The theory is that if a finder is brokering the sale of a business,  such transaction can be structured either as an asset sale or a sale of securities, depending upon the negotiations between the parties (which depend on business or tax considerations); it seems anomalous to not require a finder to be registered if the parties elect to structure the transaction as an asset sale, but to require registration if the parties elect to utilize securities in the deal. 

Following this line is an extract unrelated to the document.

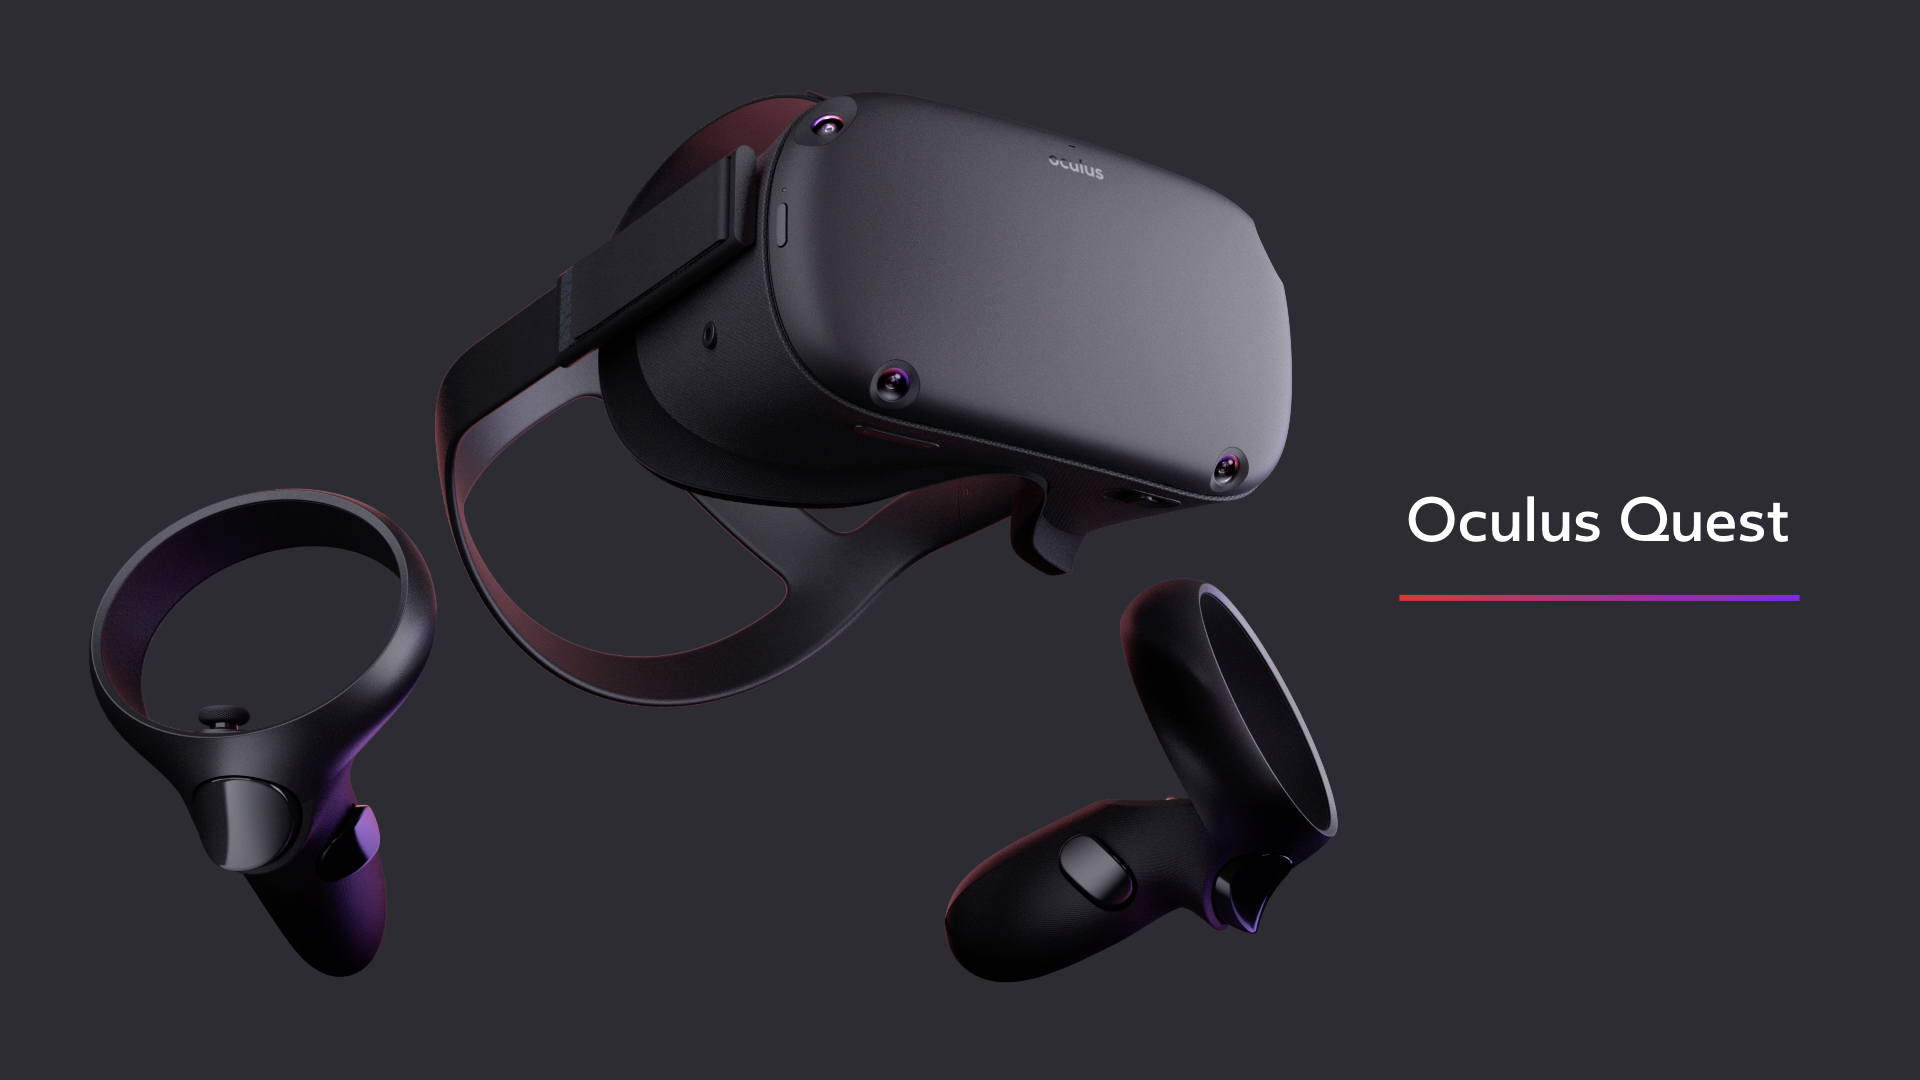 Introducing Oculus Quest A New All In One Vr System Coming Spring 2019 About Facebook

There are many subtleties in the SEC’s letter not covered here; the area still remains sensitive.  The SEC letter is strictly limited to specific facts contained in it.  Assertions that I have seen on the internet, that now all business finders are not classified as broker/dealers according to the SEC, are inaccurate;  the SEC specifically says only that the staff will not undertake enforcement action in the limited cases described, but that the SEC is not conceding the legal principle.  Finders need to carefully structure transactions to conform to the SEC letter and, further, there is no assurance that state regulators will see matters the same way (although surely this SEC action will take some wind out of the States’ sails).

The Age of Snowden

Edward Snowden, the person who leaked the National Security Administration documents, has set off a public dialogue of sweeping proportion,  bringing substantial changes to the way in which the American press operates, and raising questions as to whether laws should be changed with respect to gathering data. 

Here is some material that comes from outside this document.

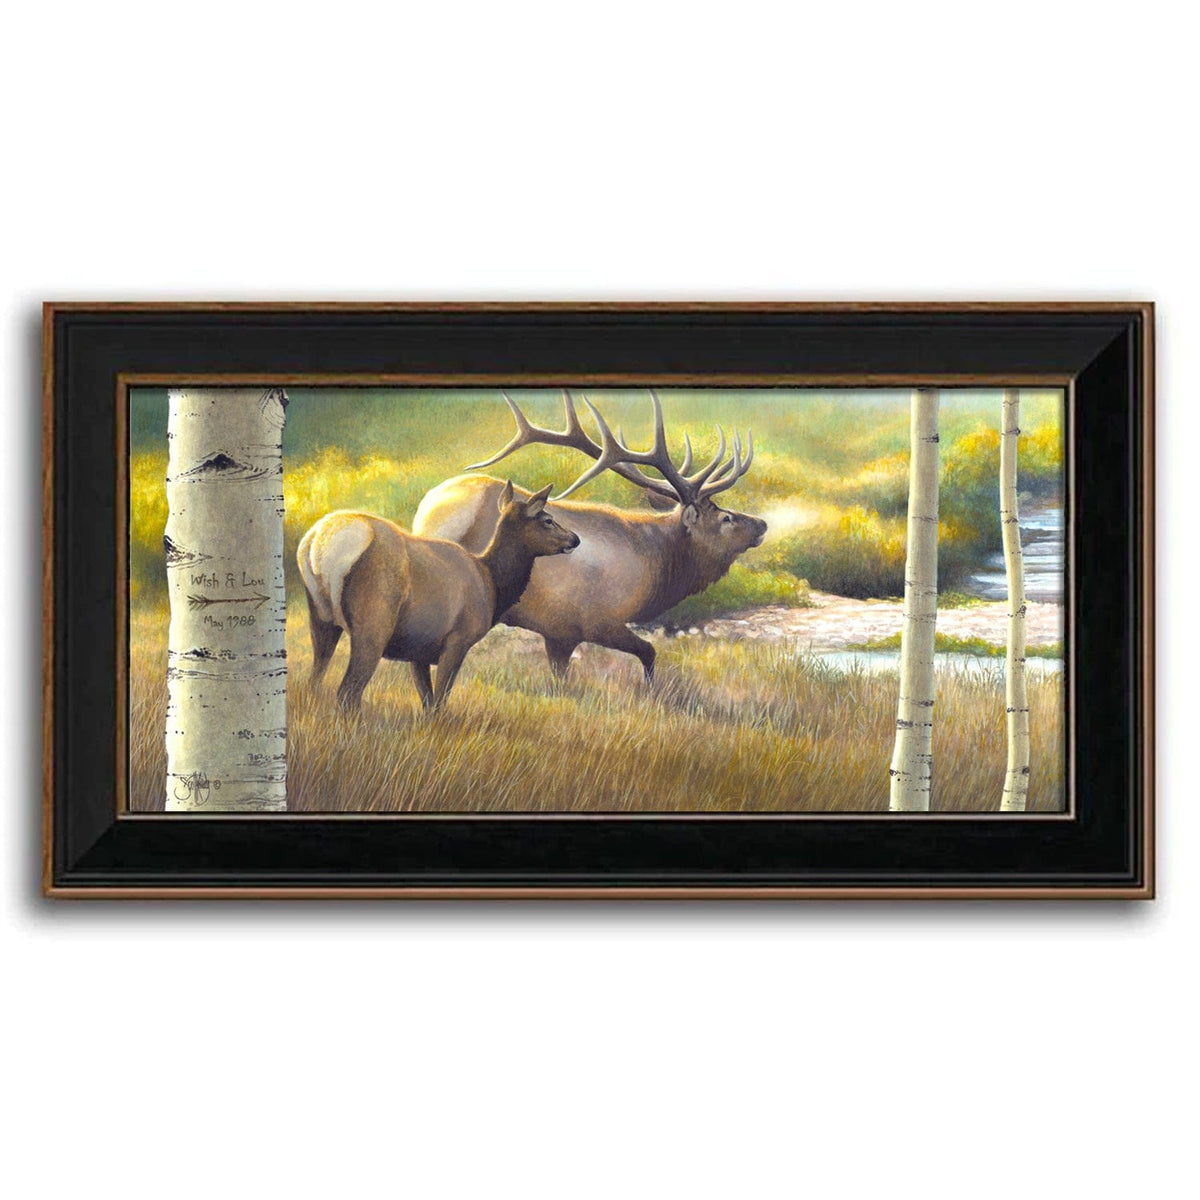 Nature wall decor of two elk in a green field and aspen trees - Personal-Prints

Addressing a February 3 Boston meeting of the Amicus Club of the Civil Liberties Union of Massachusetts, New York Times writer and Yale Law School lecturer Emily Bazelon exhorted civil libertarians to sometimes embrace the actions of “rabble-rousers” as a counter-balance to excessive exercise of governmental power. 

High points:

In the  FISA courts that pass upon use of this collected data, there is no presentation of an opposing view (the view in favor of privacy), the proceedings are not public and the opinions are not published.  Snowden has allowed us to obtain some of the FISA opinions, which in turn has led to some suggestions, including one on the part of the President, that some sort of representation for the privacy position ought to be integral to the actions of this “court.”

There is pending legislation to affect the powers of NSA, but the future of that legislation is unclear.  Judge Leon, of the Federal District Court in Washington, has opined that the present method of collecting data is probably unconstitutional, noting that the government has never shown that it’s data collection program has actually prevented any particular event.  NSA’s  power was established to gather information in the fight against terrorism, and not for other purposes.

Glenn Greenwald of the Guardian,  the journalist who has been championing Snowden’s position and who first published the NSA information, has challenged the general assumption that a good reporter needs to avoid becoming an advocate for any particular cause, but should maintain a “critical distance.” 

In response to a question concerning unregulated data collection by commercial US enterprises, Bazelon agreed that there was substantial risk that the government would gain access.  The Europeans have a different tradition: skeptical of commercial enterprises generally, they thus are skeptical about their collection of “commercial” data.  She is not optimistic  that there will be a change of United States law with regard to private data collection, although some larger American companies now are pushing for limitations lest the lack of protection impact their international business. 

An informal inspection of the audience for this program indicated that more than 60% of attendees sported “gray hair.”  The attendees, at a lunch-time program in downtown Boston, did not reflect the demographics of the vicinity (not to mention the demographics of Boston at large).  Civil liberties issues, even those in the forefront such as NSA data programs, do not seem to light a fire under “younger generations.”